:: TRY IT ::
From the entries below, reproduce exactly the lines from the one with "Amazing Twitter Statistics [INFOGRAPHIC]" through the one with "Zapf Creation® BABY born® Chucks pink", both included, without images.

___ RAW DATA

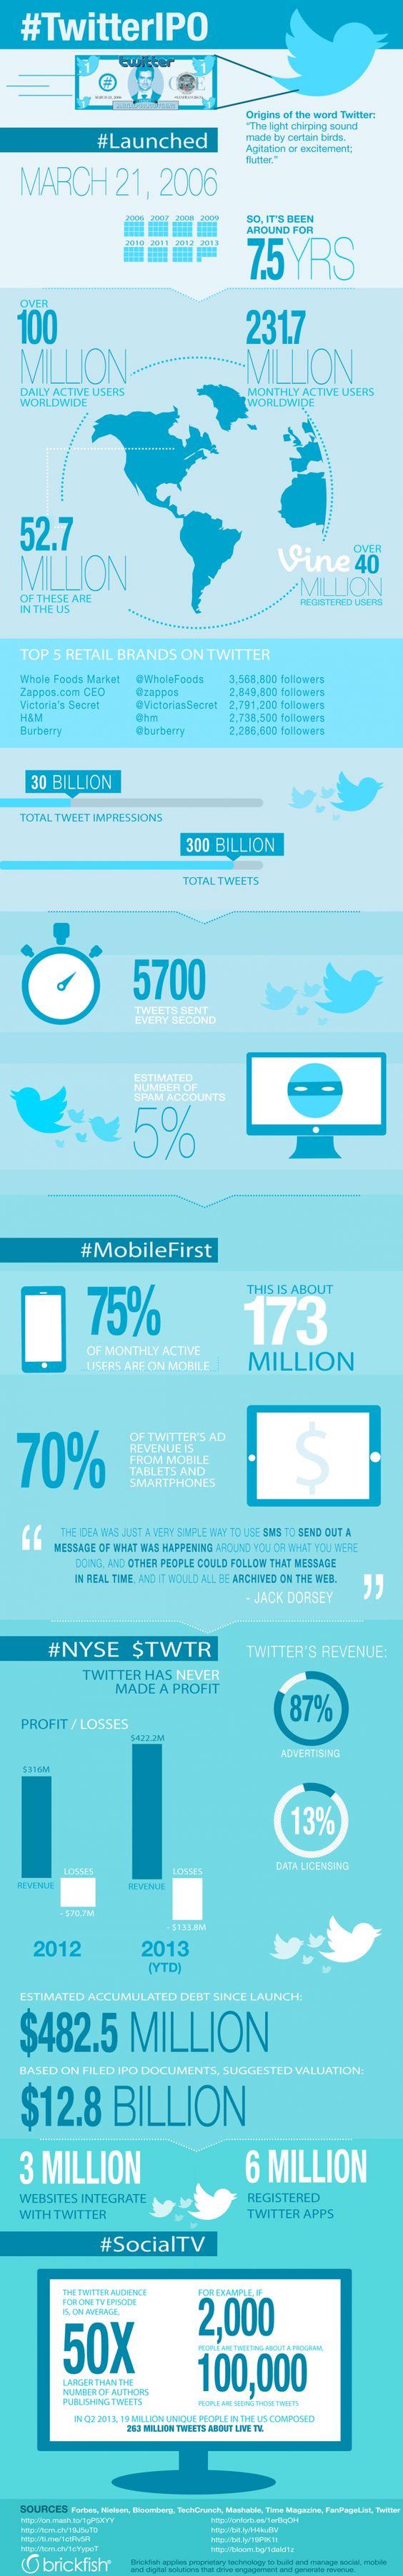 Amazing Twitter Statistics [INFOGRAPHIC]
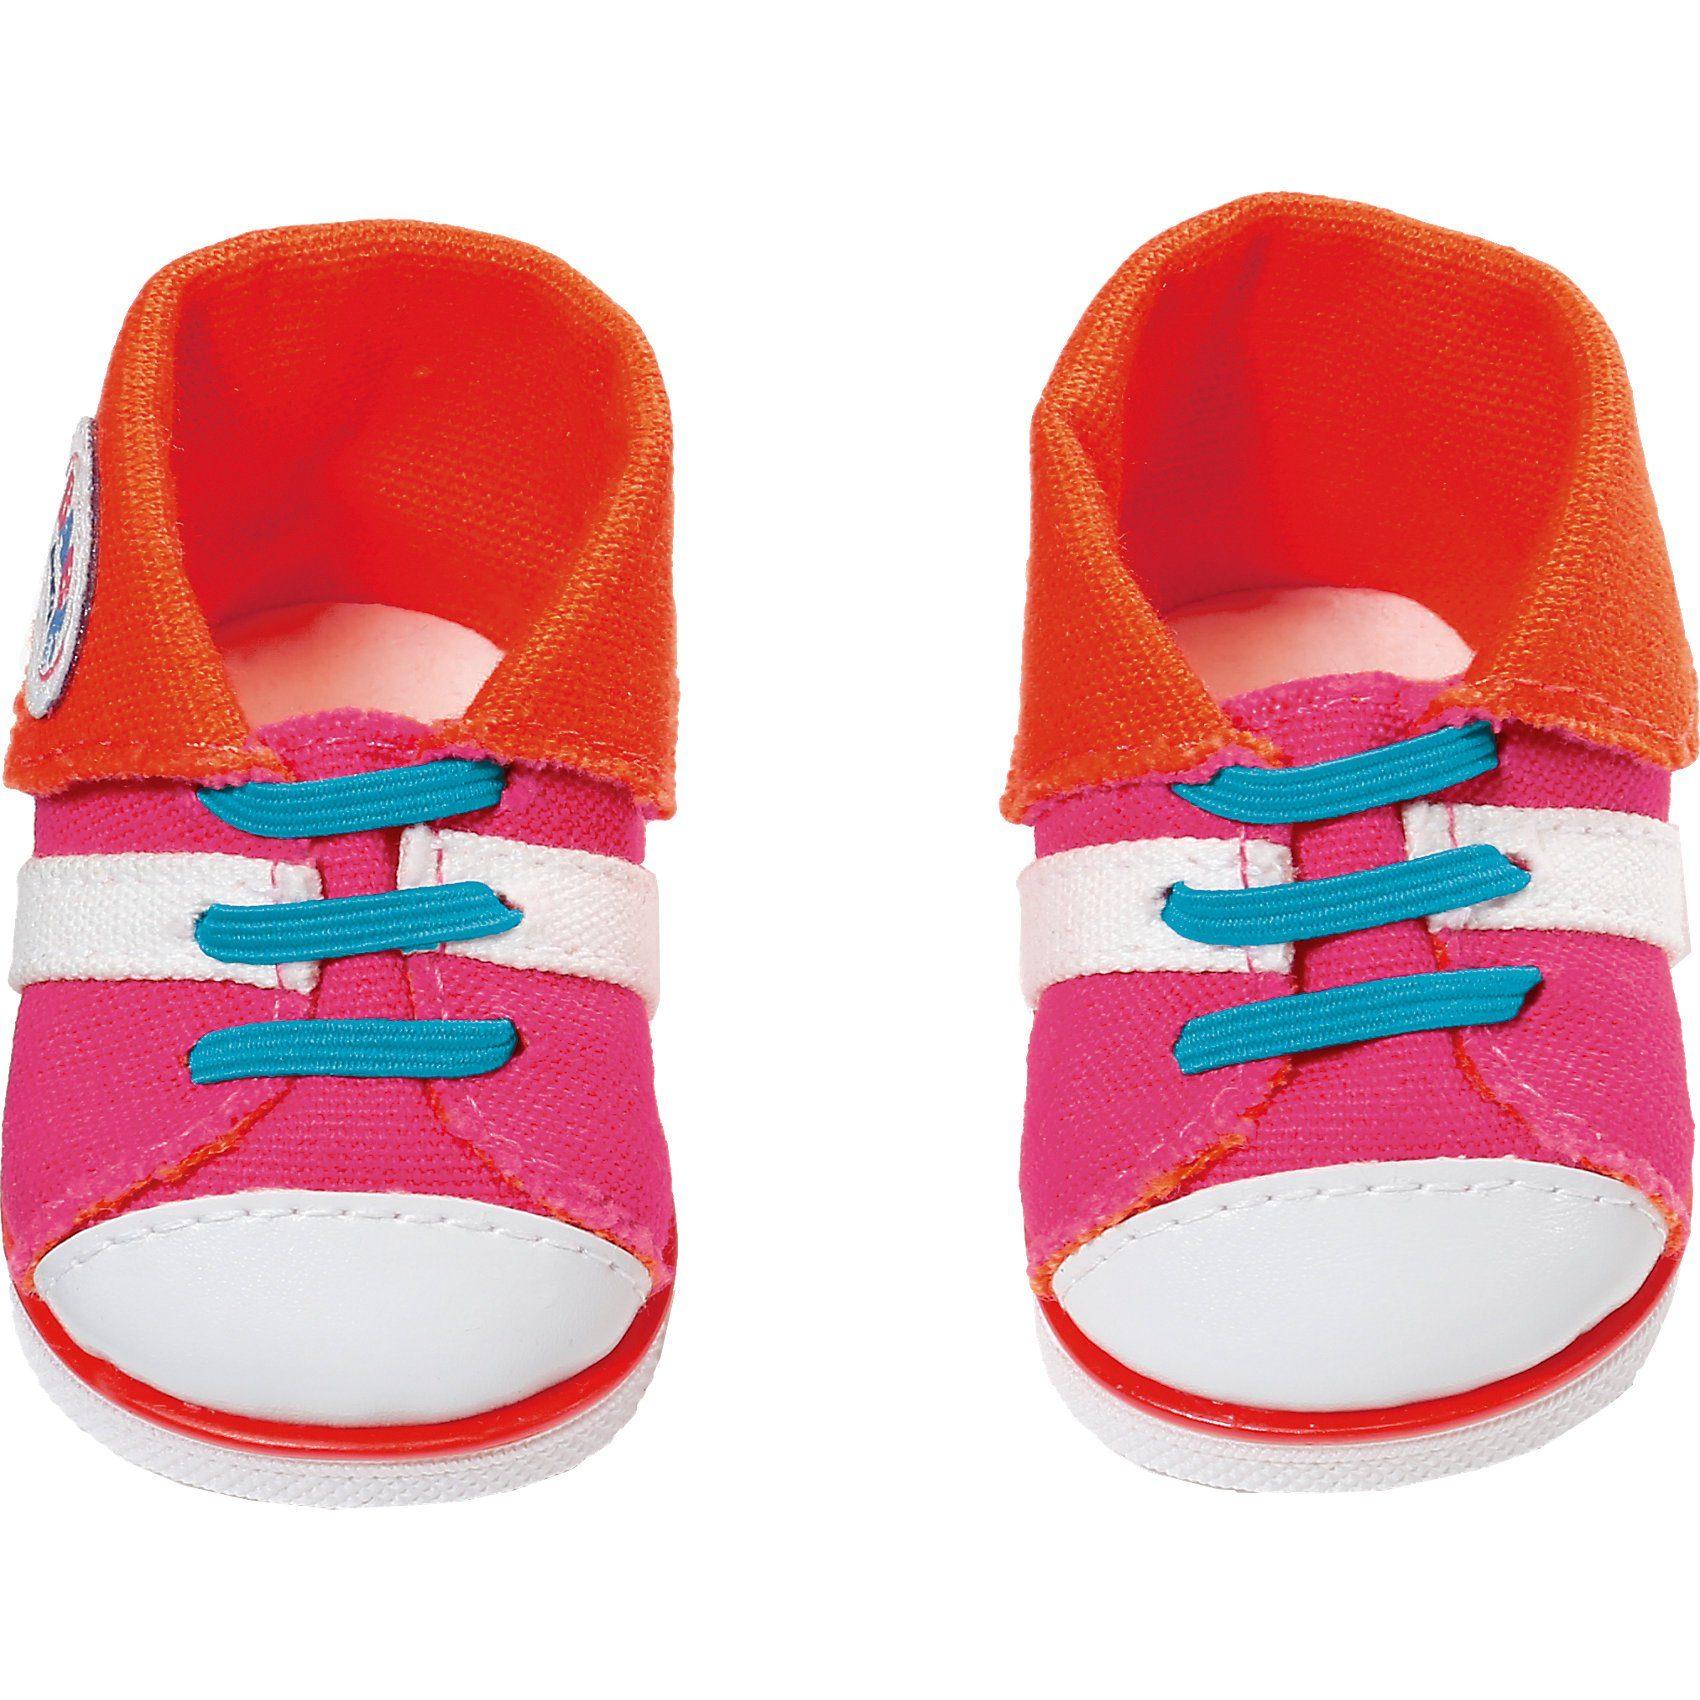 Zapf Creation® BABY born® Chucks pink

______
___ RAW DATA

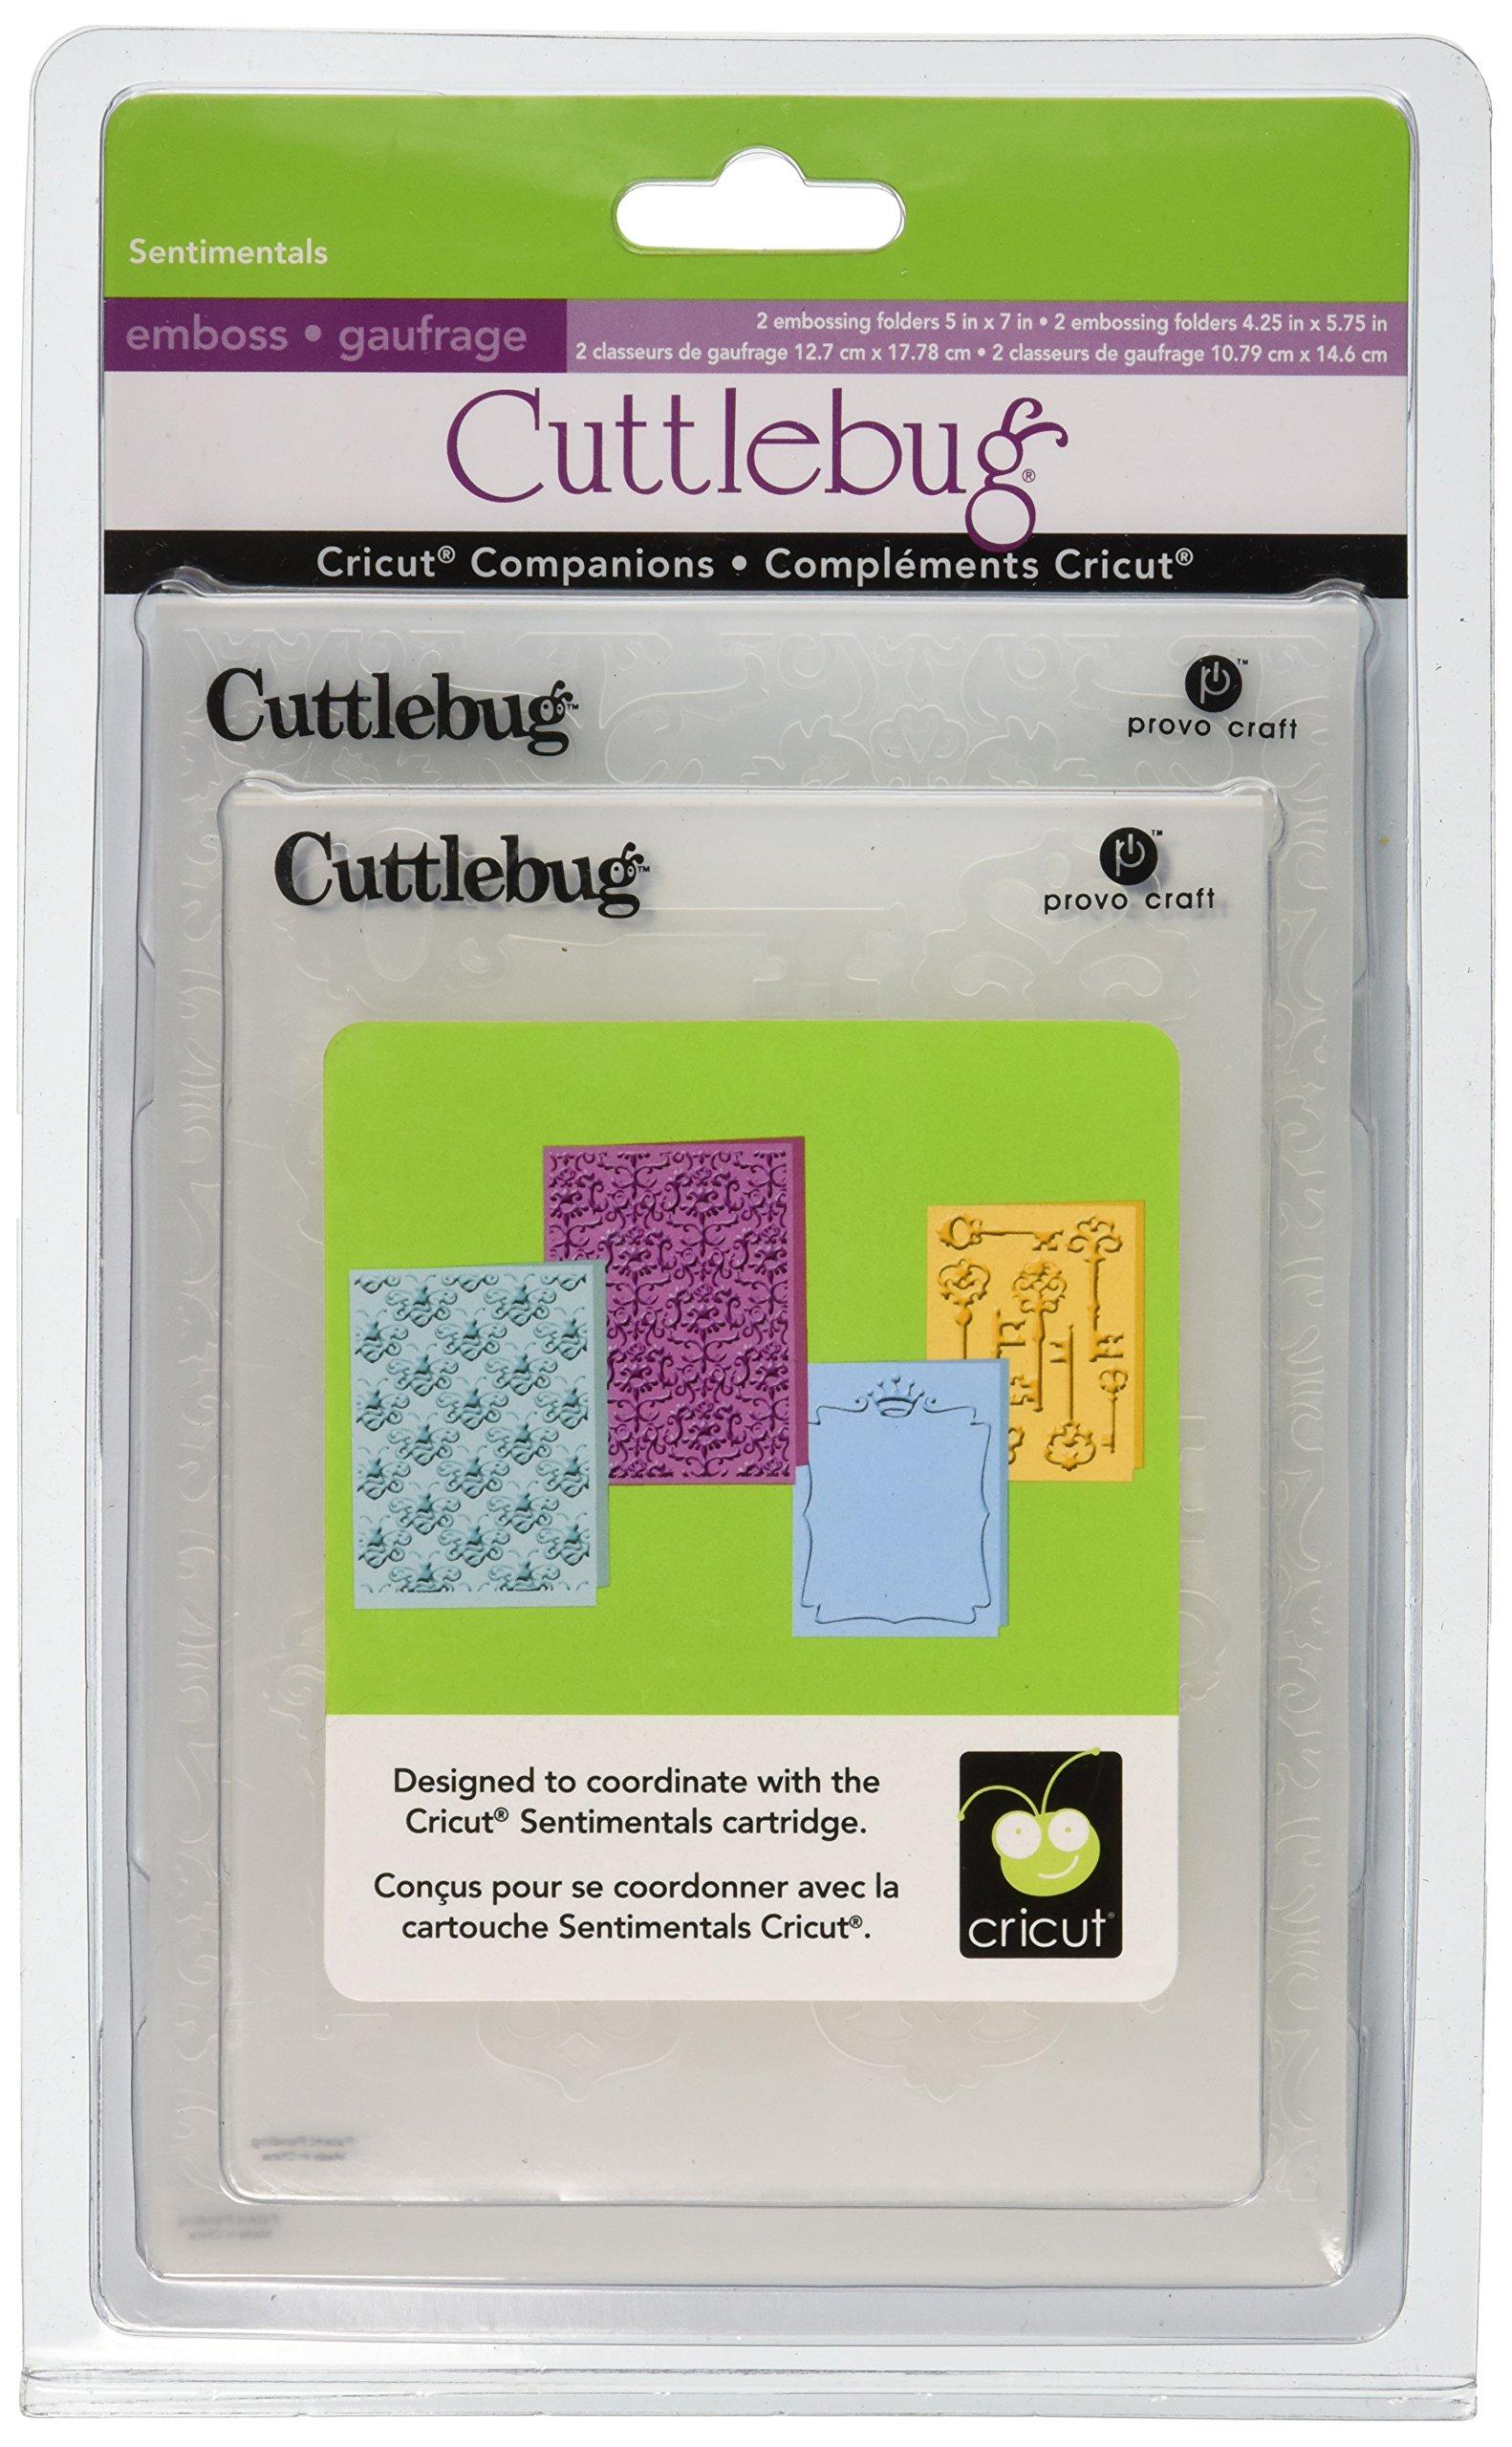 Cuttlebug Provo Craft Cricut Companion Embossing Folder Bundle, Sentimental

______
___ RAW DATA

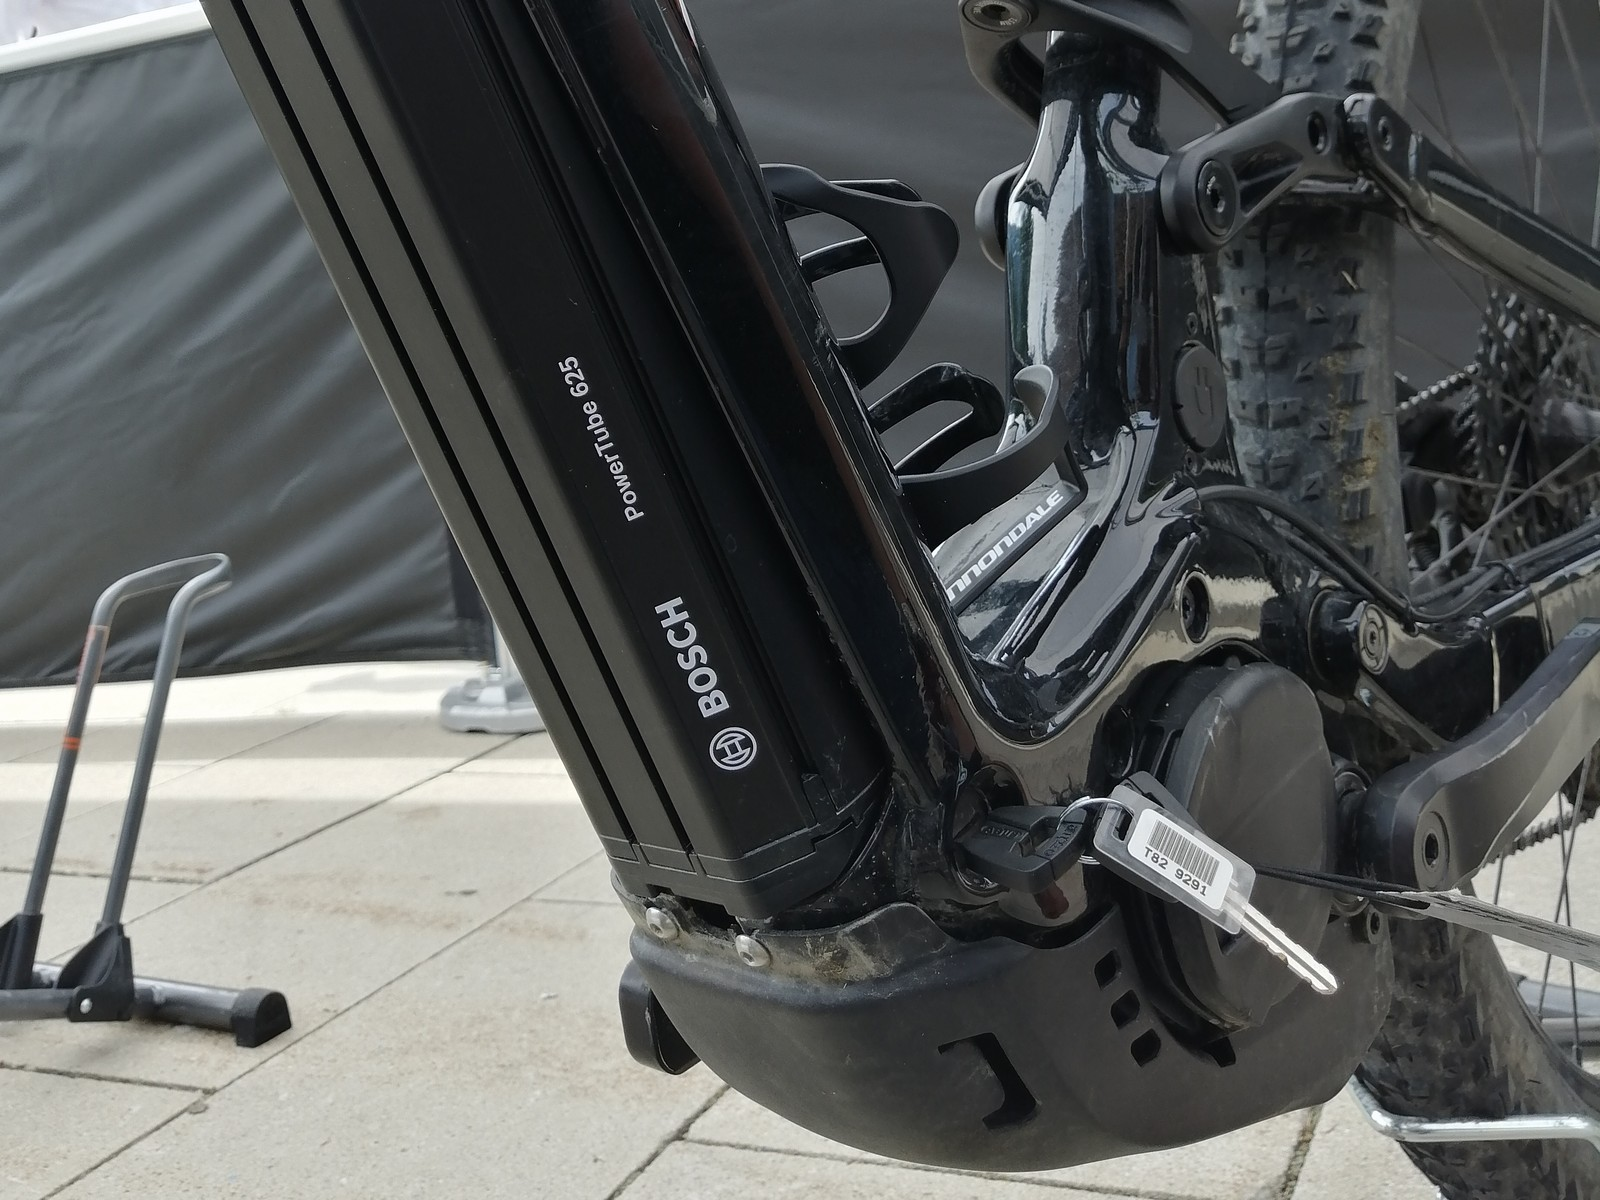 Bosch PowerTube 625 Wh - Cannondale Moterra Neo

______

:: RESPONSE TO THE EXERCISE ::
 Amazing Twitter Statistics [INFOGRAPHIC]
 Zapf Creation® BABY born® Chucks pink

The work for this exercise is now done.